Die fünf Tabs von Adligator — und wann du welchen nutzt

Creatives, Pages, Trackers, Collections, Analytics — was jeder Tab tut, wann du ihn öffnest und wie sie zusammenspielen.

Aktualisiert am 13.05.2026

Die Adligator-App sieht aus wie fünf Tabs nebeneinander – und das aus gutem Grund: jeder entspricht einer anderen Frage, mit der du reinkommst. Neue Nutzer versuchen manchmal, alles aus dem Creatives-Tab heraus zu erledigen, und verpassen die Hälfte des Werts. Dieser Artikel ist die Karte.

Wenn du deine erste Suche schon gemacht hast, nutze das hier als Tour zu den nächsten Stationen. Wenn nicht, fang dort an – die meisten dieser Tabs ergeben erst Sinn, wenn eine Suche auf dem Bildschirm ist.

Die Adligator-Tab-Leiste — Creatives, Facebook-Seiten, Heatmap, Analytics — sitzt unter dem globalen Header.

Creatives — die Eingangstür

Öffne diesen, wenn du willst: Ads finden. Jedes Ad, jede Marke, jede Nische, jedes Land.

Der Creatives-Tab ist das, was die meisten meinen, wenn sie an Adligator denken. Eine einzelne Hero-Suchleiste, ein Autocomplete-Panel darunter und ein Grid von Ads, sobald du eine Marke oder ein Keyword tippst. Jeder andere Tab in der App existiert, um etwas mit den hier gefundenen Ads zu tun – speichern, beobachten, analysieren.

Zwei Suchmodi teilen sich diesen Tab:

  • Phrasensuche – breiter Keyword-Match über den Ad-Copy. Am besten für "was schaltet jeder in Nische X?"-Recherche.
  • FB-Seiten-Suche – wählt eine bestimmte Facebook-Seite aus dem Autocomplete und zeigt nur die Ads dieses einen Werbetreibenden. Am besten für "was schaltet Wettbewerber X?"-Recherche.

Die 13 Filter (GEO, Tage aktiv, Plattform, Display-Format, CTA und zehn weitere) leben hier ebenfalls – in einem Panel, das rechts neben der Suchleiste herausklappt. Der Filter Deep Dive deckt jeden einzelnen ab.

Pages — jeder Werbetreibende auf einen Blick

Öffne diesen, wenn du willst: bestätigen, von welcher Facebook-Seite eine Marke tatsächlich Werbung schaltet – oder Seiten in einer Nische durchstöbern, ohne in einzelne Ads einzutauchen.

Der Pages-Tab listet Facebook-Seiten, keine Ads. Jede Zeile zeigt Seitenname, Avatar, gesamt jemals indexierte Ads, aktuell aktive Anzahl und abgelehnte Anzahl über die Lebenszeit der Seite.
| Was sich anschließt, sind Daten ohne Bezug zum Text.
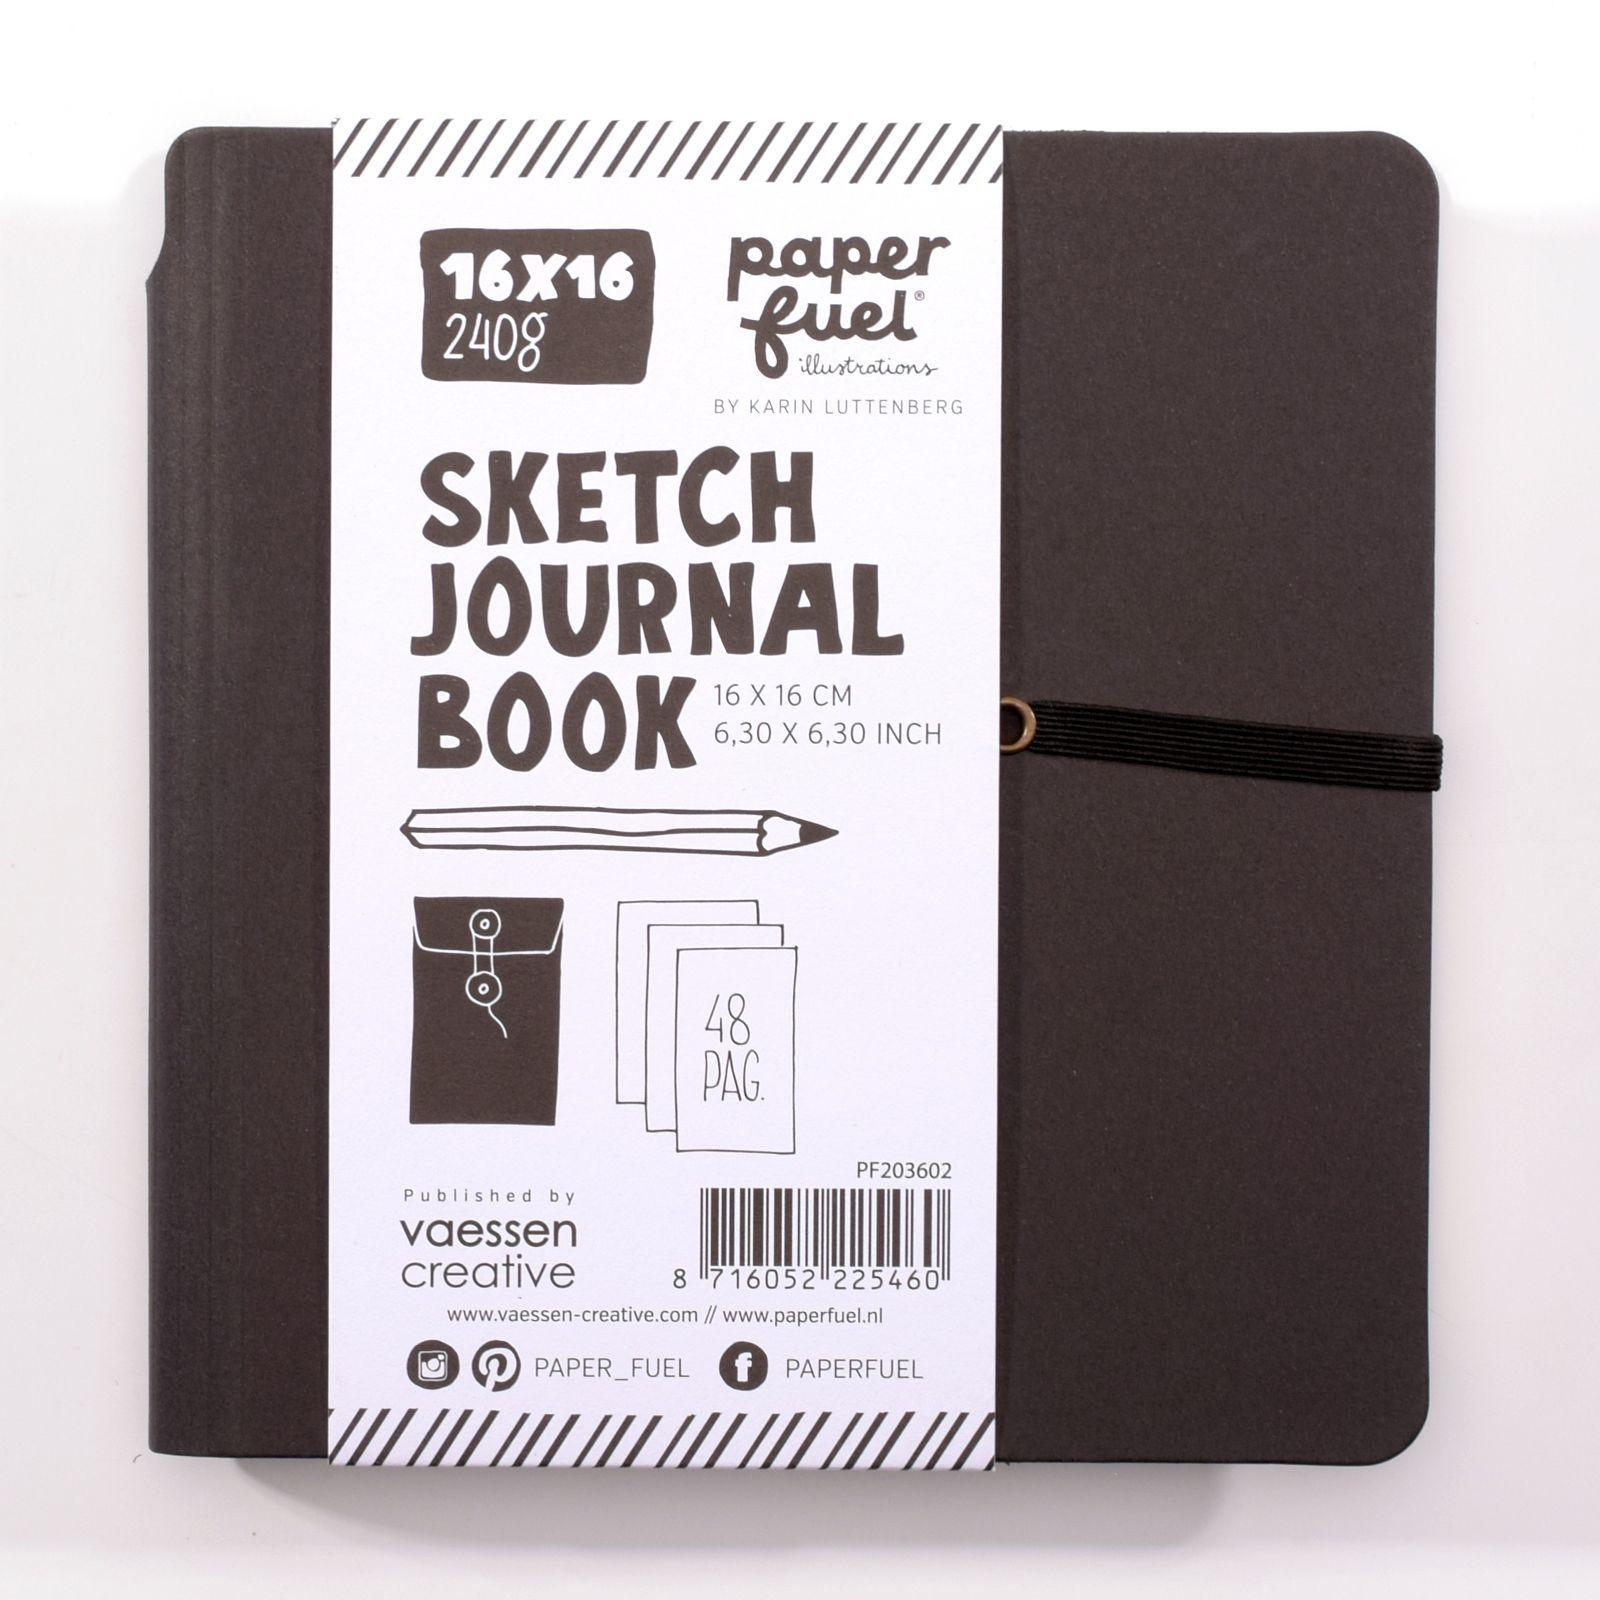 SKETCH JOURNAL BOOK 16X16 CM

Klick eine Zeile an und du springst zurück zu Creatives mit der Suche auf diese eine Seite eingeschränkt.

Dieser Tab löst drei konkrete Probleme:

  1. Markennamen-Kollisionen. "Ridge" könnte ein Wallet, ein Coffee Shop und ein Finanzberater sein. Der Pages-Tab zeigt dir alle drei gleichzeitig mit ihren Ad-Volumen und du wählst die richtige aus.
  2. Vertikale Sweeps. Eine Phrase im Pages-Tab eingeben liefert welche Seiten diese Art von Ad schalten, sortiert nach Ad-Volumen. Schneller, als 200 einzelne Ads zu lesen.
  3. Sanity Checks. Wenn ein Wettbewerber scheinbar "keine Ads" hat, sagt dir der Pages-Tab, ob er überhaupt eine Seite hat und ob darauf alles aktuell inaktiv ist.

Eines verraten dir die Pages-Spalten nicht: wie viele dieser Ads auf dein spezifisches Keyword gelaufen sind. Total / Aktiv / Abgelehnt beschreiben die gesamte Lebenszeit der Seite, nicht den Ausschnitt, der zu deiner Suche passt.
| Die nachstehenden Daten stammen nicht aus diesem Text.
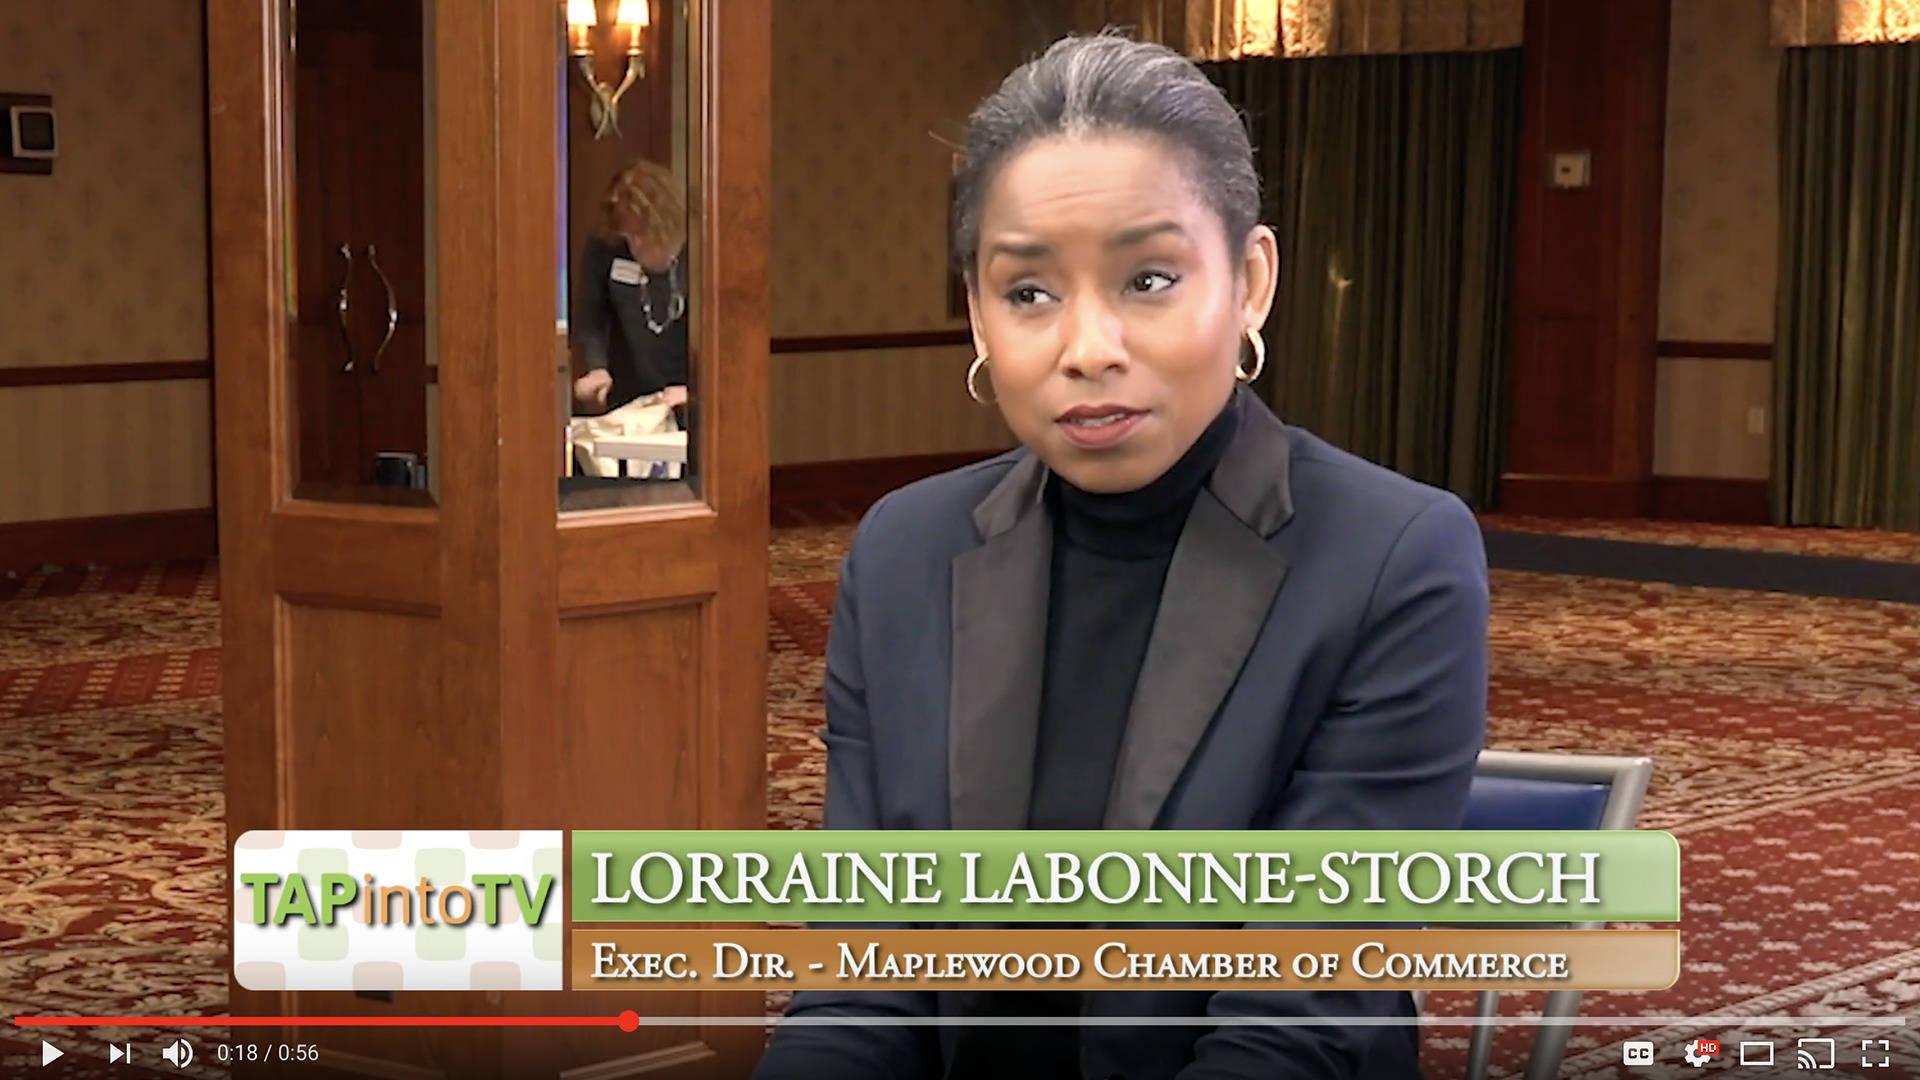 Lorraine Labonne-Storch, Maplewood Chamber E.D.

Trackers — gespeicherte Suchen, die zu dir kommen

Öffne diesen, wenn du willst: eine Marke über die Zeit beobachten, statt jeden Montag dieselbe Suche neu zu starten.
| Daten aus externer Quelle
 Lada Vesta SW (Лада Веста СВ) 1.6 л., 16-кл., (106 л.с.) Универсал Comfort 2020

Ein Tracker ist eine gespeicherte Suche, die Adligator für dich wiederholt ausführt. Einmal konfigurieren (Marke + Land + Format + alles andere, wonach du filterst) und Adligator zeigt bei jedem Folgebesuch nur die neuen Ads. Er schaltet außerdem den Analytics-Tab für genau diesen Tracker frei – der charakteristischste Screen der App.

Tracker leben in einem Popup, das du oben im Creatives-Tab öffnest. Jede Zeile zeigt den Tracker-Namen, die beobachtete Seite oder Phrase, die ungelesene Anzahl seit deinem letzten Öffnen und ein Hover-Menü zum Umbenennen oder Löschen.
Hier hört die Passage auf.